TRY IT ▸ Pictures in the material below are to be left out, and only the lines from the line with "بهترین فروشگاه کفش" up to and including the line with "Pusat Sewa Karpet" are to be written out exactly.

INFORMATION GIVEN ▸
........
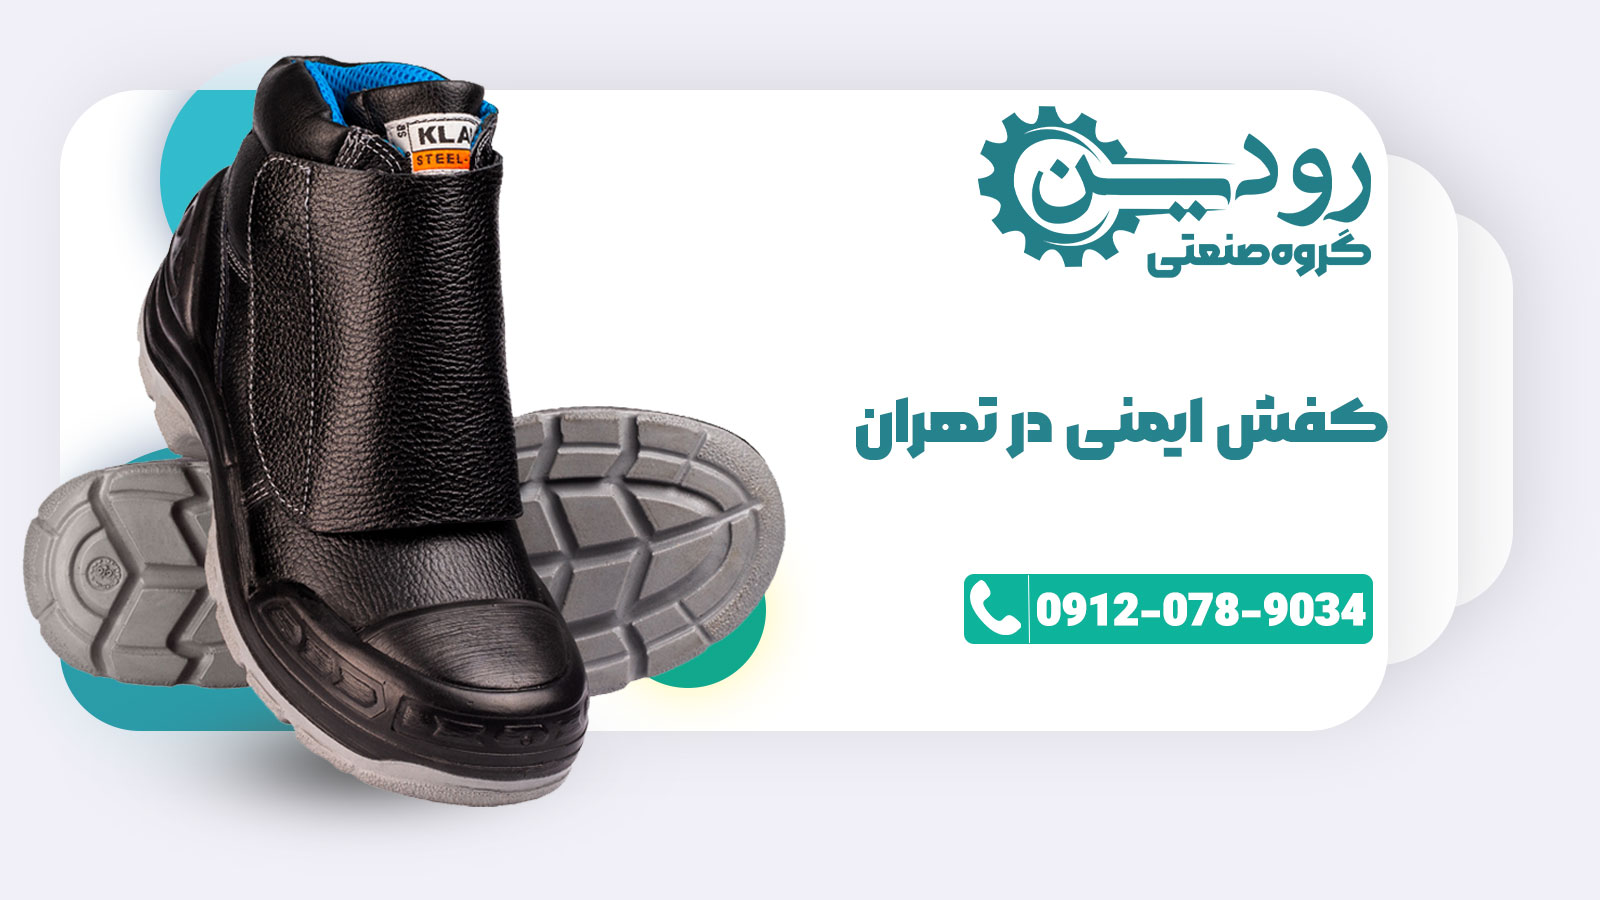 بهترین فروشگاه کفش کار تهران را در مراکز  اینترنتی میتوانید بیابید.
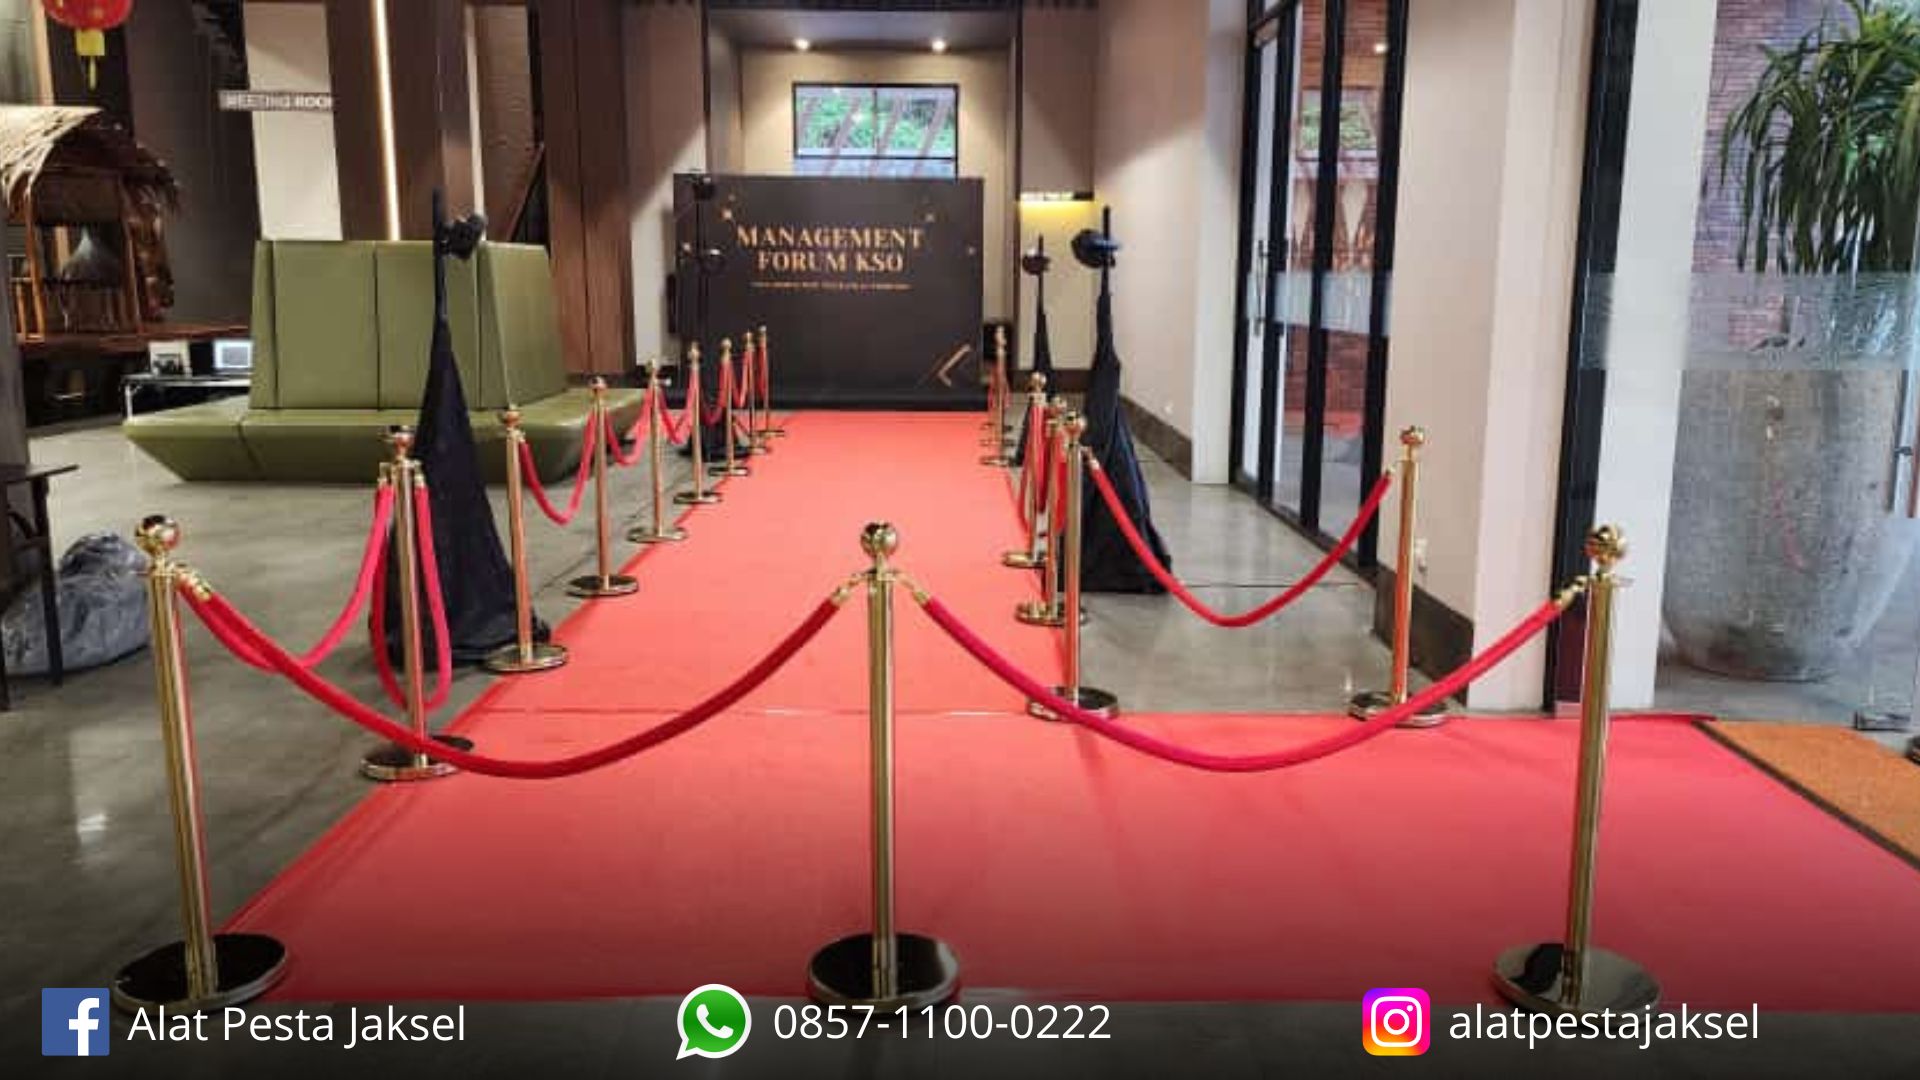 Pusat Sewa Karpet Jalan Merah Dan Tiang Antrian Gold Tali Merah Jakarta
........
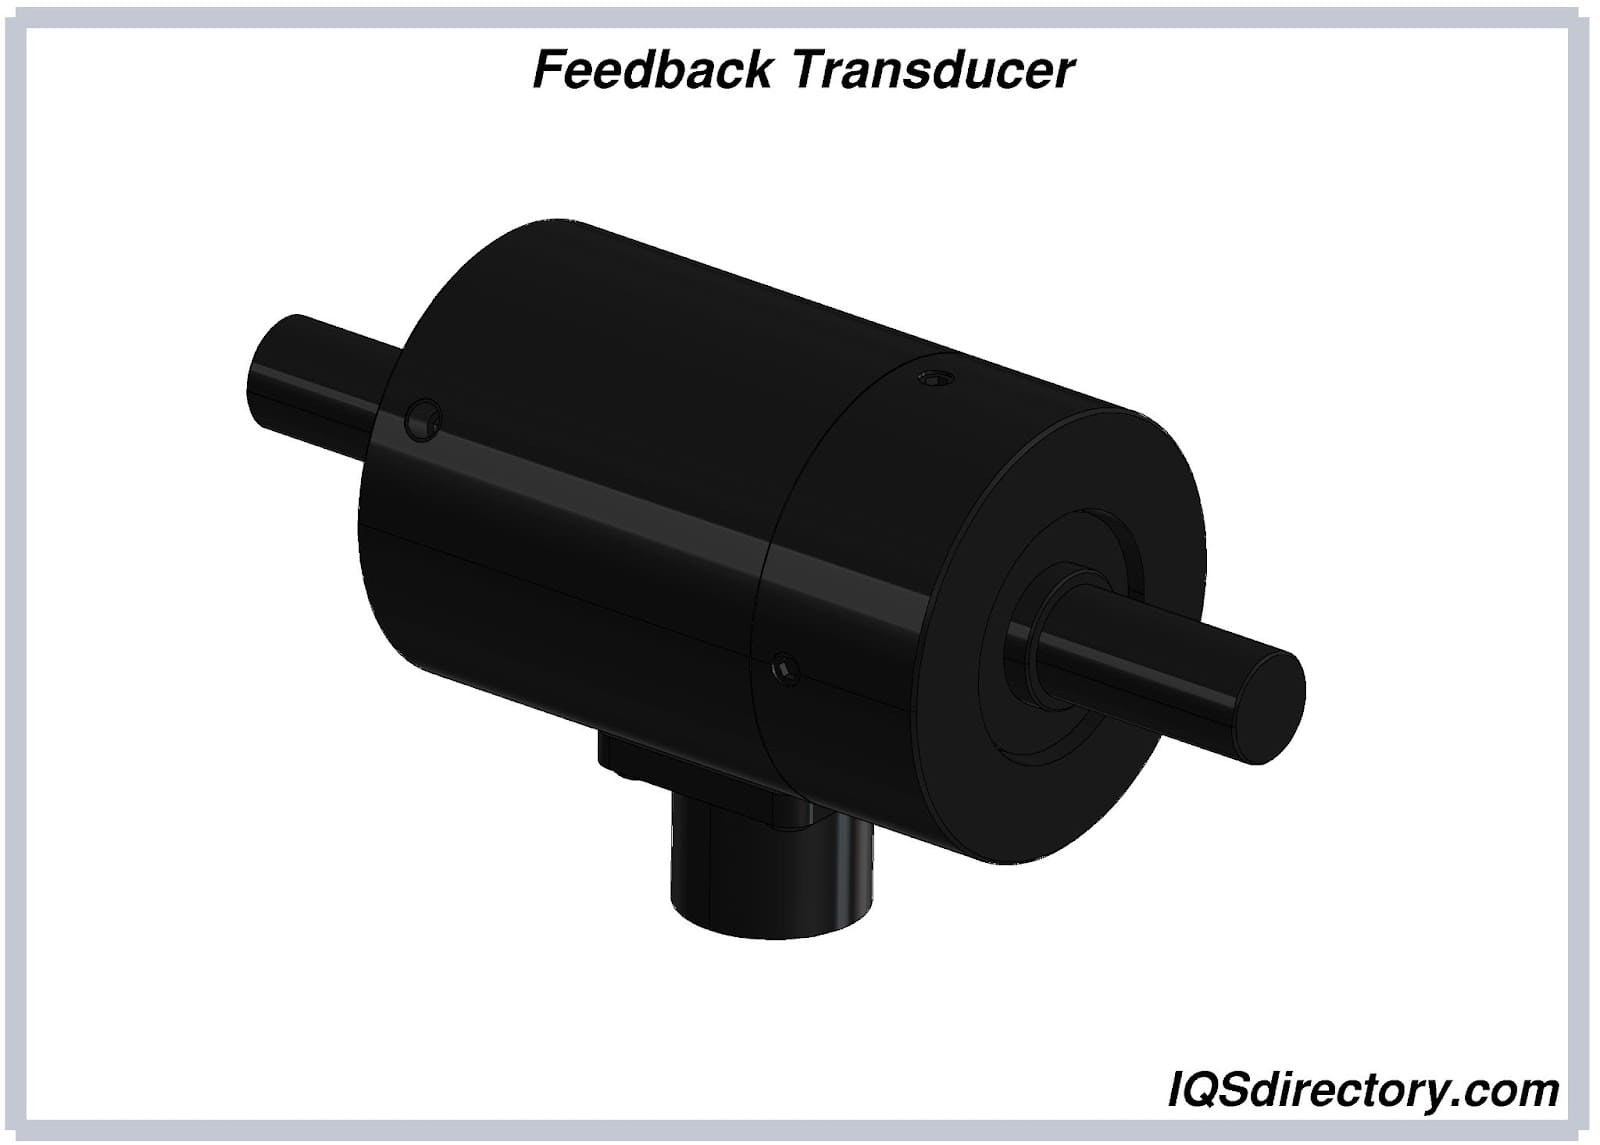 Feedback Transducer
........
EXPECTED ANSWER ▸
 بهترین فروشگاه کفش کار تهران را در مراکز  اینترنتی میتوانید بیابید.
 Pusat Sewa Karpet Jalan Merah Dan Tiang Antrian Gold Tali Merah Jakarta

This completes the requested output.